The Court instead should ask what facts have been established.

In order for the defence to succeed - the mistake actually needed to be proven as a fact.

Yet what actually happened was that his account of the mistake was highly implausible and demonstrably dishonest.

Now given that the defence never offered any evidence at all that OP screams like a woman - then you are left with the logical & natural conclusion that the witnesses heard Reeva screaming and there was no mistake.
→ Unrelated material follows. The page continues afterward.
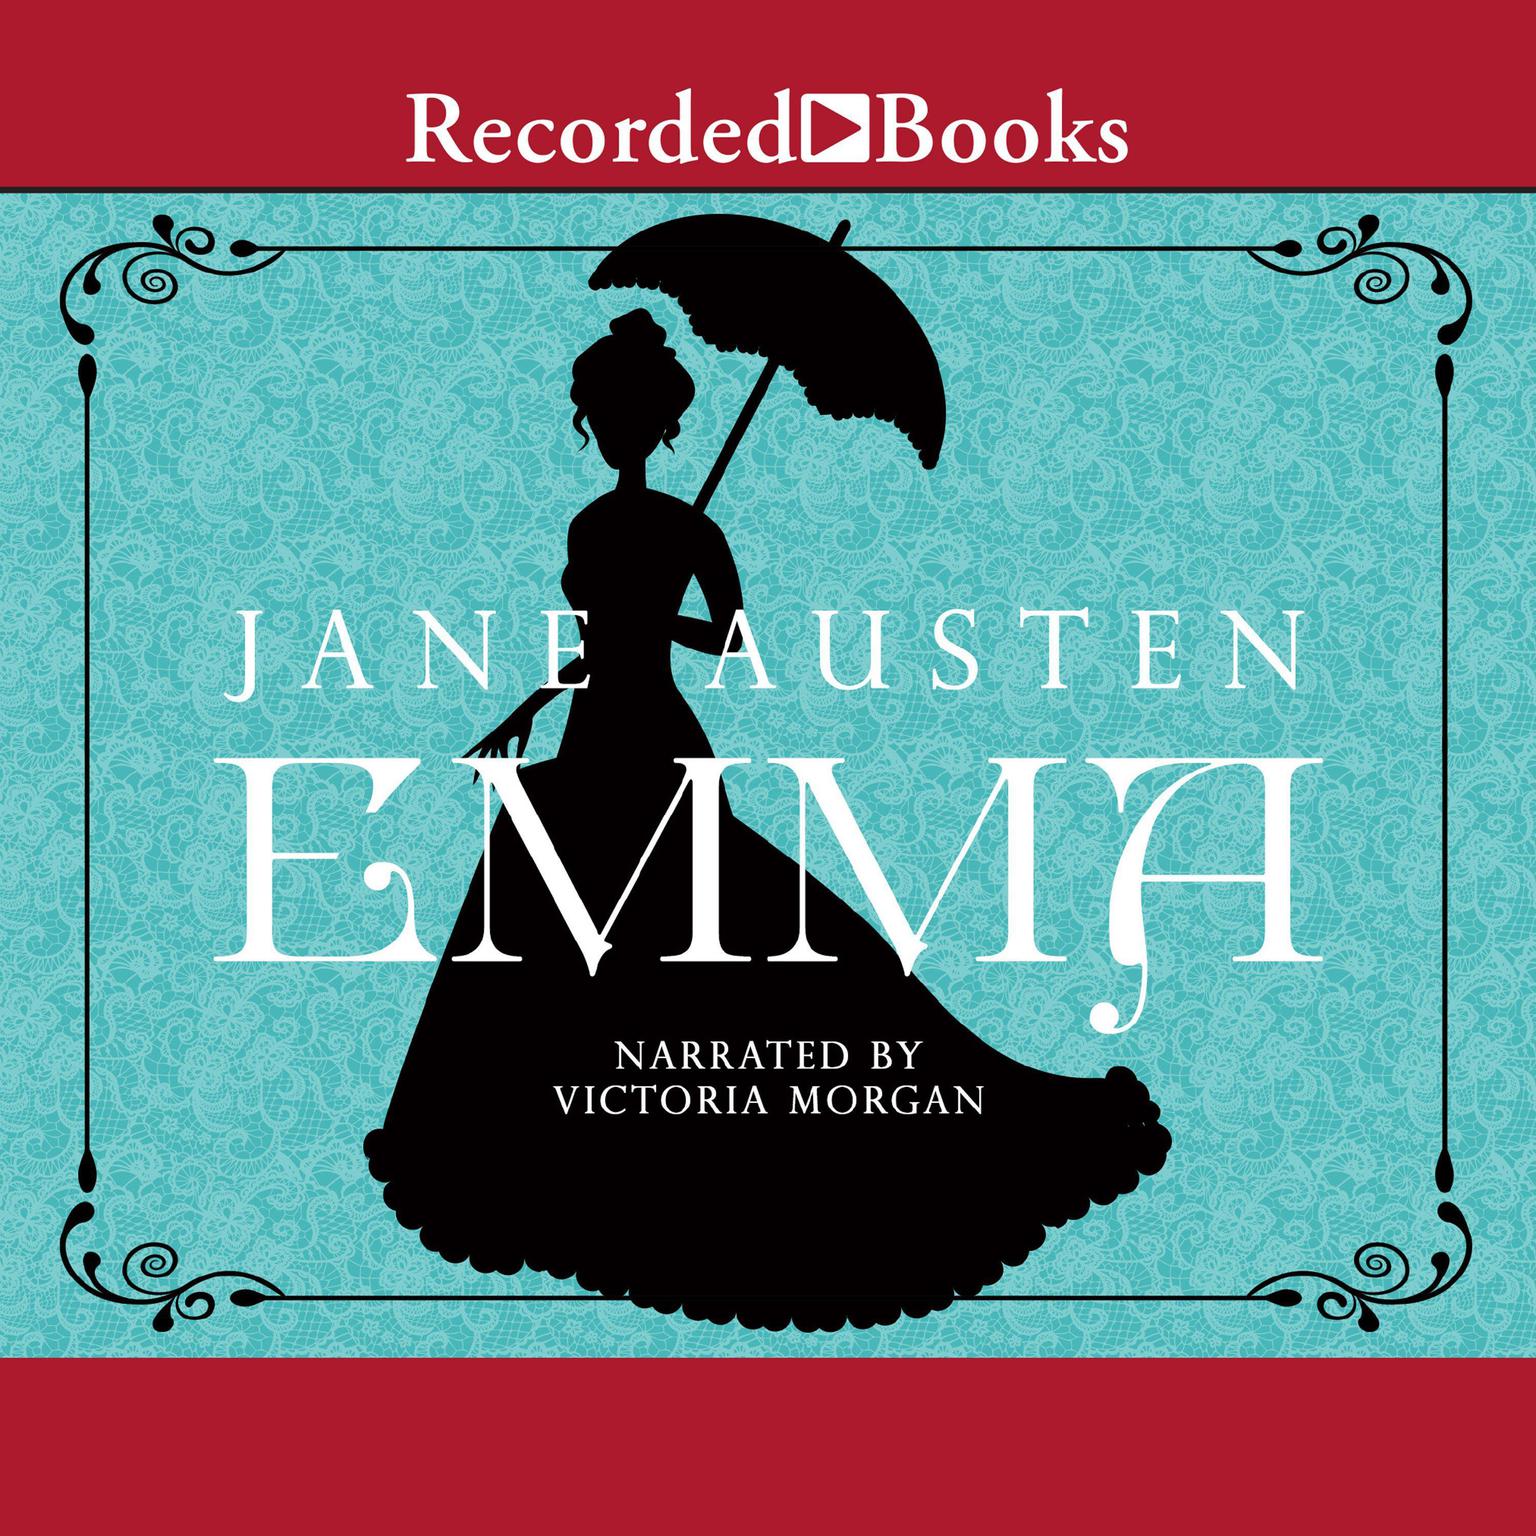 Emma Audiobook, by Jane Austen

Otherwise it starts to get impossible for the prosecution to win cases because the defense can simply invent a highly implausible story the facts of which the prosecution cannot 100% rule out

However that is not how the evidential burdern at trial works.[
/QUOTE]

BIB 1 and 2. Exactly.

Mr Jitty -
Regarding this appeal for leave to appeal do you think this is correct?
1) The Defence don't want the case heard by the SCA
2) They're trying to stop this by arguing that Masipa's potential errors were those of fact and not law
3) They're not actually expecting Masipa to change her mind in March but procedure dictates that they need to go through her before they can appeal to the SCA
4) There will likely then be a preliminary ruling by the SCA as to whether the errors were factually based or a potential legal mistake; if the former then the full case won't be heard
5) The fact that this is unprecedented suggests that they are either tactically brilliant or desperate

Where are you, mrjitty? This is driving me crazy! Would someone find mrjitty and let him know there are longstanding, unanswered questions here?
 
Where are you, mrjitty? This is driving me crazy! Would someone find mrjitty and let him know there are longstanding, unanswered questions here?

He's from NZ isn't he? Right now he's probably watching NZ playing Australia in cricket.

Sorry, L2L, no idea why it looks like I'm quoting myself and not you.
 
That's alright, Jake18... just another of life's little mysteries! Now, if we can only entice mrjitty away from that cricket to things of greater importance! BTW, thanks for your excellent and concise 5 point summary for which I'm daring to predict .... "desperate"!
 
That's alright, Jake18... just another of life's little mysteries! Now, if we can only entice mrjitty away from that cricket to things of greater importance! BTW, thanks for your excellent and concise 5 point summary for which I'm daring to predict .... "desperate"!


I agree, desperate. Desperate that this case doesn't get to the SCA, though (sad to say) I still have a concern that strings may be pulled at the top.
 
Yes, I see that's what the State's case was in essence. But I still don't see why the timeline is a huge white elephant. Surely one of the strands of deciding whether to believe a witness' version involves looking at what else corroborates it and what contradicts it. All the things that Nel said were a problem seemed to me to be things that could be explained or could be mistakes. And Roux's timeline is hard to dispute and indeed Nel didn't even try. Do you say then that an experienced court will look at the timeline and say, oh well, that doesn't matter because of his poor testimony? I'd expect them to see that the evidence from the neighbours agrees with his version and conclude that it represented very strong evidence in his favour, at least as regards the primary case. DE is another matter but I was talking about the DD case.

If you don't want to discuss further as all this is just repetition to you now, I understand.

Go ahead and explain the crime scene photos not matching OP's testimony. Not only not matching but making his story impossible. We really don't need to go further than this and neither did Masipa if she was competent or not corrupt.
 
Hold on. The defense is applying to leave to appeal the state's granted leave to appeal??

Good grief.

At the hearing back in December Roux already argued against the state's application to leave for appeal. I remember him telling the court that the appeal had no chance of success. Really Roux? If that were true, you would not be desperately trying to block the state from presenting the case to the SCA.

He obviously is very worried about the outcome. As he should be... His client clearly committed murder.